A split screen shows Kotlin code on the left and the corresponding Android app display on the right in Android Studio. The app displays the Google Play Store, Photos, YouTube, Gmail, and Chrome icons.

We know how critical the stability, reliability, and performance of the Android Emulator is to your everyday work as an Android developer. After listening to valuable feedback about stability, reliability, and performance, the Android Studio team took a step back from large feature work on the Android Emulator for six months and started an initiative called Project Quartz. This initiative was made up of several workstreams aimed at reducing crashes, speeding up startup time, closing out bugs, and setting up better ways to detect and prevent issues in the future.

Improved stability and reliability

A key goal of Project Quartz aimed to reduce Emulator crashes, which can frustrate and block developers, decreasing their productivity. We focused on fixing issues causing backend and UI crashes and freezes, updated the UI framework, updated our hypervisor framework, and our graphics libraries, and eliminated tech debt. This included:

    • Moving to a newer version of Qt, the cross-platform framework for building the graphical user interfaces of the Android Emulator, and making it stable on all platforms (as of version 34.2.13/ This was also a required change to ensure things like Google Maps and the location settings UI continued to work in the Android Emulator.
    • Updating gfxstream, the graphics rendering system used in the Android Emulator, to improve our graphics layer.
    • Adding more than 600 end-to-end tests to the existing pytests test suite.
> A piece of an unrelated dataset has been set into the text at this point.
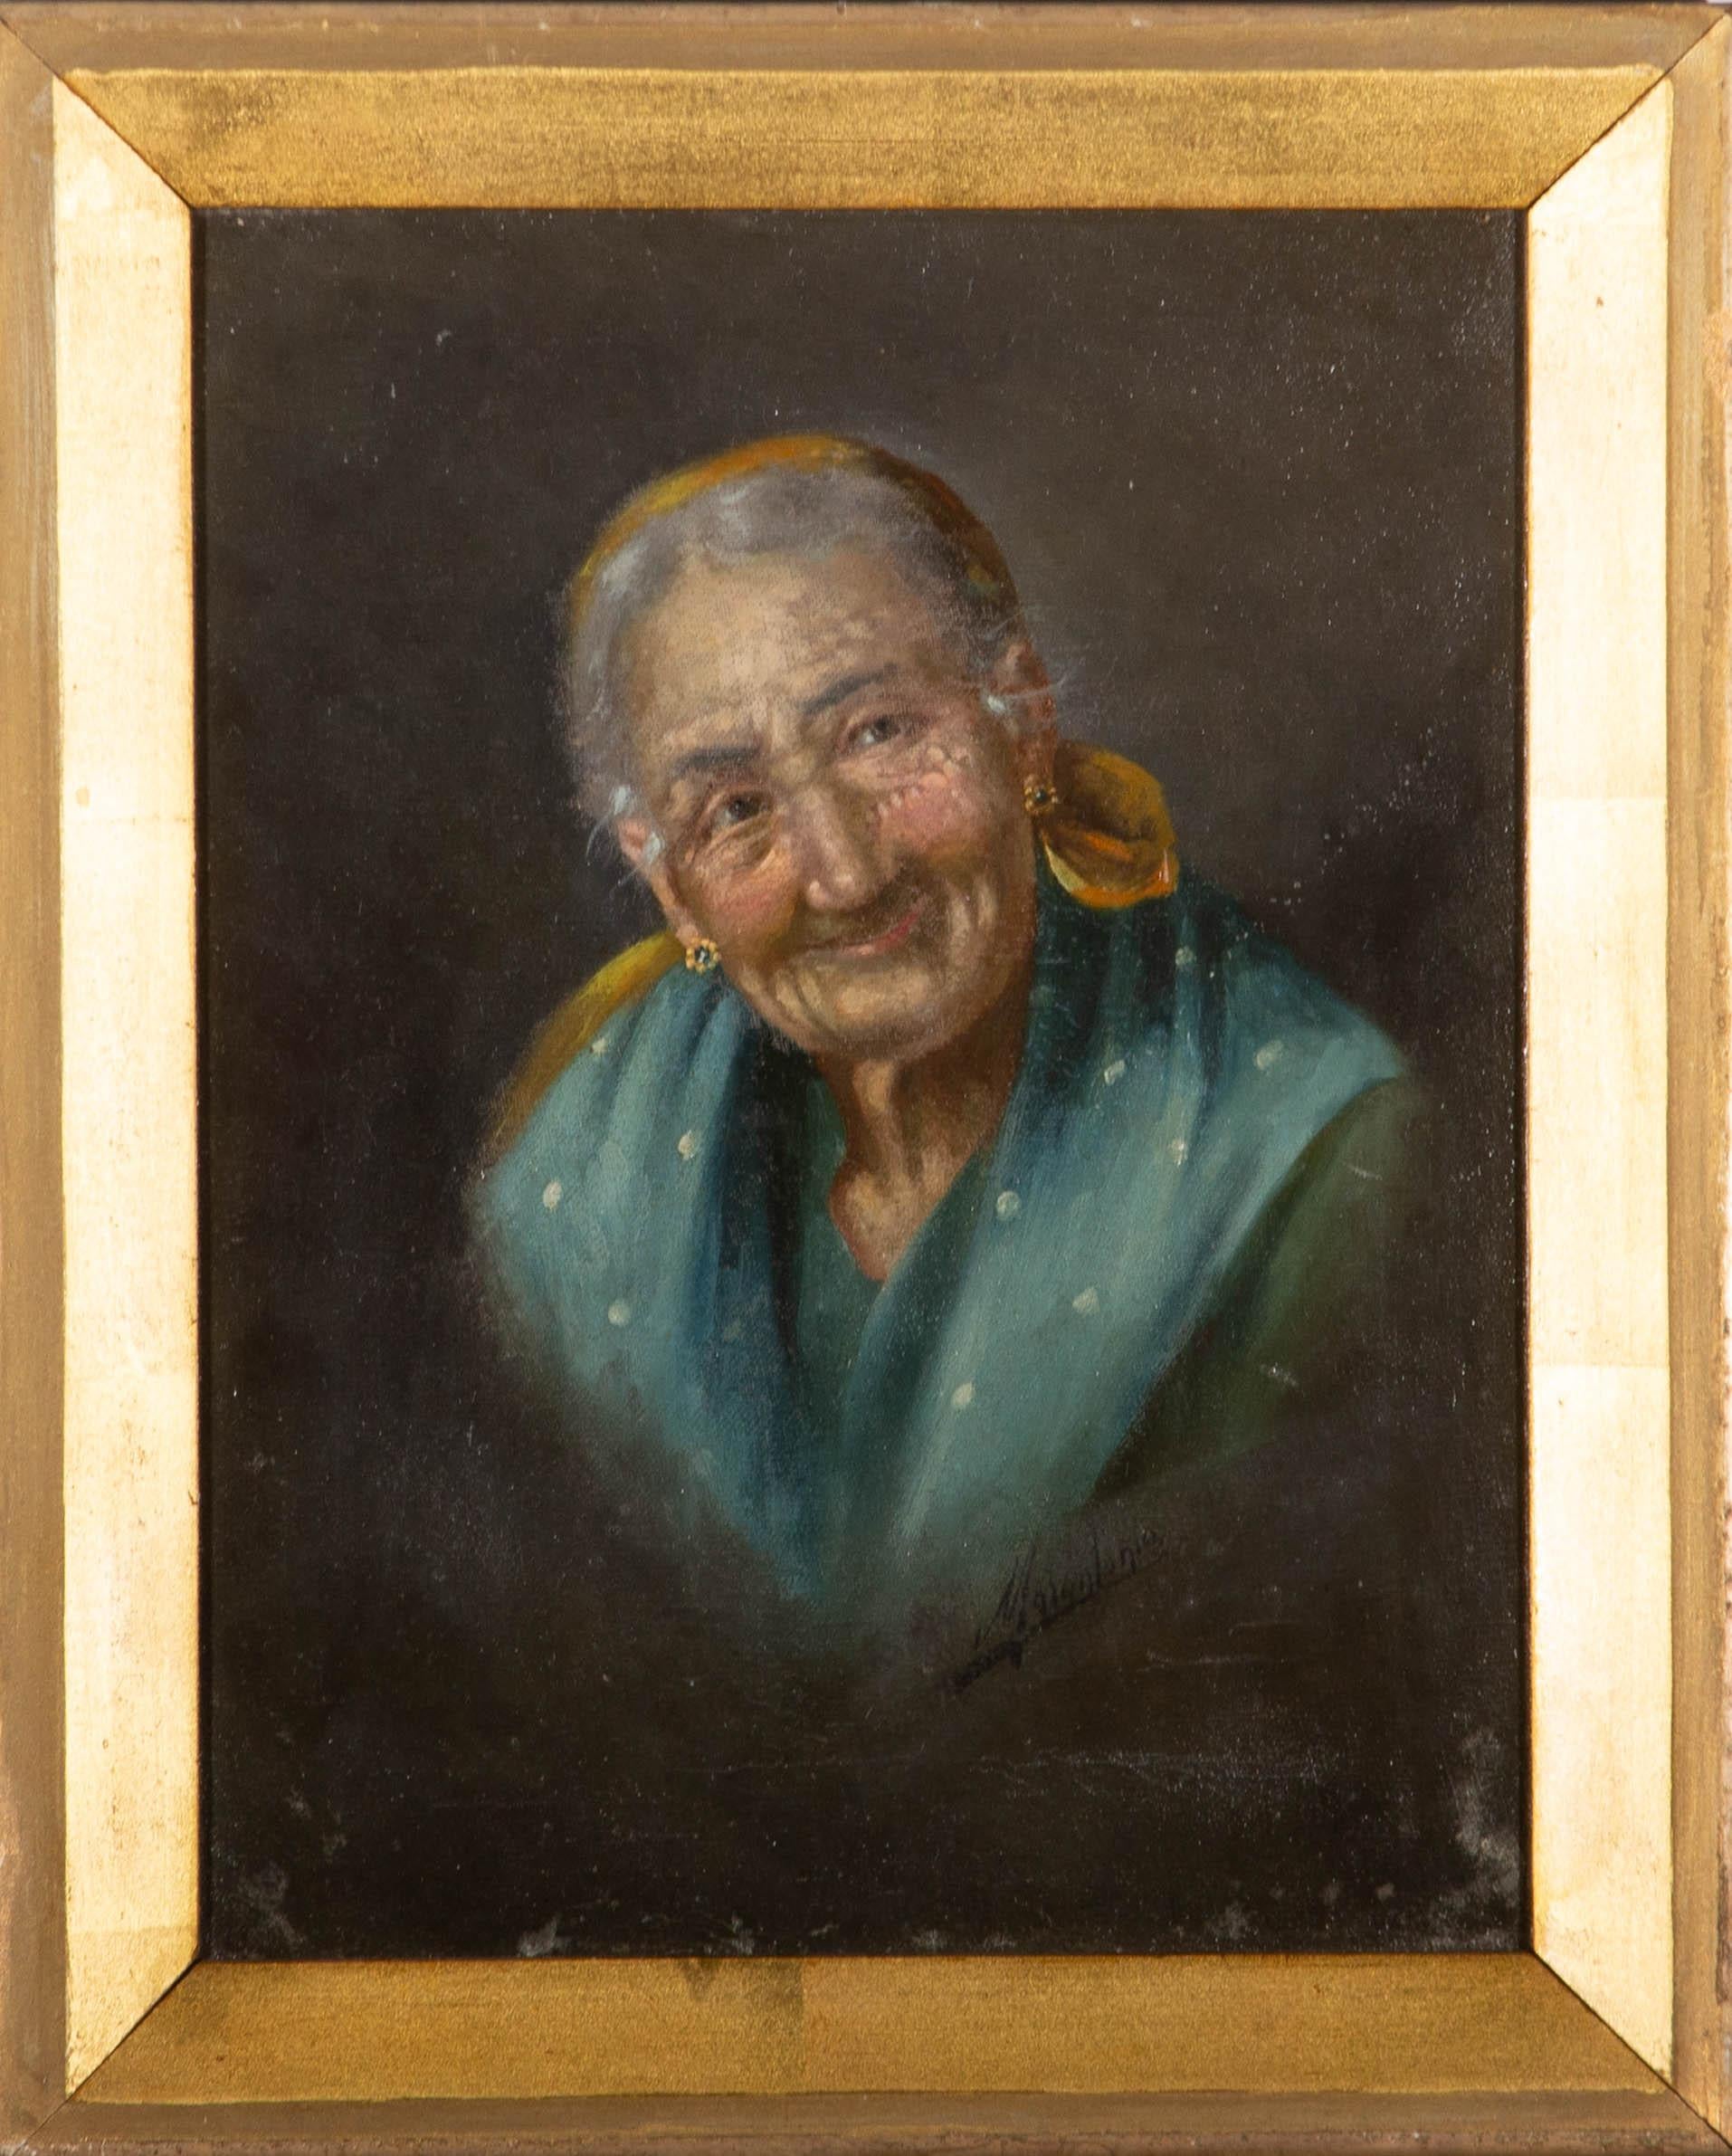 A portrait of a kind Italian nonna wearing a yellow headband and blue shawl. Presented in a distressed gilt-effect slip. Signed to the lower-right corner. On canvas laid to board.

As a result, we have seen 30% fewer crashes in the latest stable version of Android Studio, as reported by developers who have opted-in to sharing crash details with us. Along with additional end-to-end testing, this means a more stable, reliable, and higher quality experience with fewer interruptions while using the Android Emulator to test your apps.

A horizontal bar graph showing performance times of different versions of the Android emulator in milliseconds

This chart illustrates the reduction in reported crashes by stable versions of the Android Emulator (newer versions are at the top and shorter is better).

We have also enhanced our opt-in telemetry and logging to better understand and identify the root causes of crashes, and added more testing to our pre-launch release process to improve our ability to detect potential issues prior to release.

Improved release quality

We also implemented several measures to improve release quality, including increasing the number and frequency of end-to-end, automated, and integration tests on macOS, Microsoft Windows, and Linux. Now, more than 1,100 end-to-end tests are ran in postsubmit, up from 500 tests in the past implementation, on all supported operating system platforms . These tests cover various scenarios, including (among other features) different Android Emulator snapshot configurations, diverse graphics card considerations , networking and Bluetooth functionality, and performance benchmarks between Android Emulator system image versions.

This comprehensive testing ensures these critical components function correctly and translates to a more reliable testing environment for developers. As a result, Android app developers can accurately assess their app's behavior in a wider range of scenarios.

Reduced open issues and bugs

It was also important for us to reduce the number of open issues and bugs logged for the Android Emulator by addressing their root cause and ensuring we cover more of the use cases you run into in production. During Project Quartz, we reduced our open issues by 43.5% from 4,605 to 2,605. 17% of these were actively fixed during Quartz and the remaining were closed as either obsoleted or previously fixed (e.g. in an earlier version of the Android Emulator) or duplicates of other issues.

Next Steps

While these improvements are exciting, it's not the end. We will continue to build on the quality improvements from Project Quartz to further enhance the Android Emulator experience for Android app developers.

As always, your feedback has and continues to be invaluable in helping us make the Android Emulator and Android Studio more robust and effective for your development needs. Sharing your metrics and crashdumps is crucial in helping us understand what specifically causes your crashes so we can prioritize fixes.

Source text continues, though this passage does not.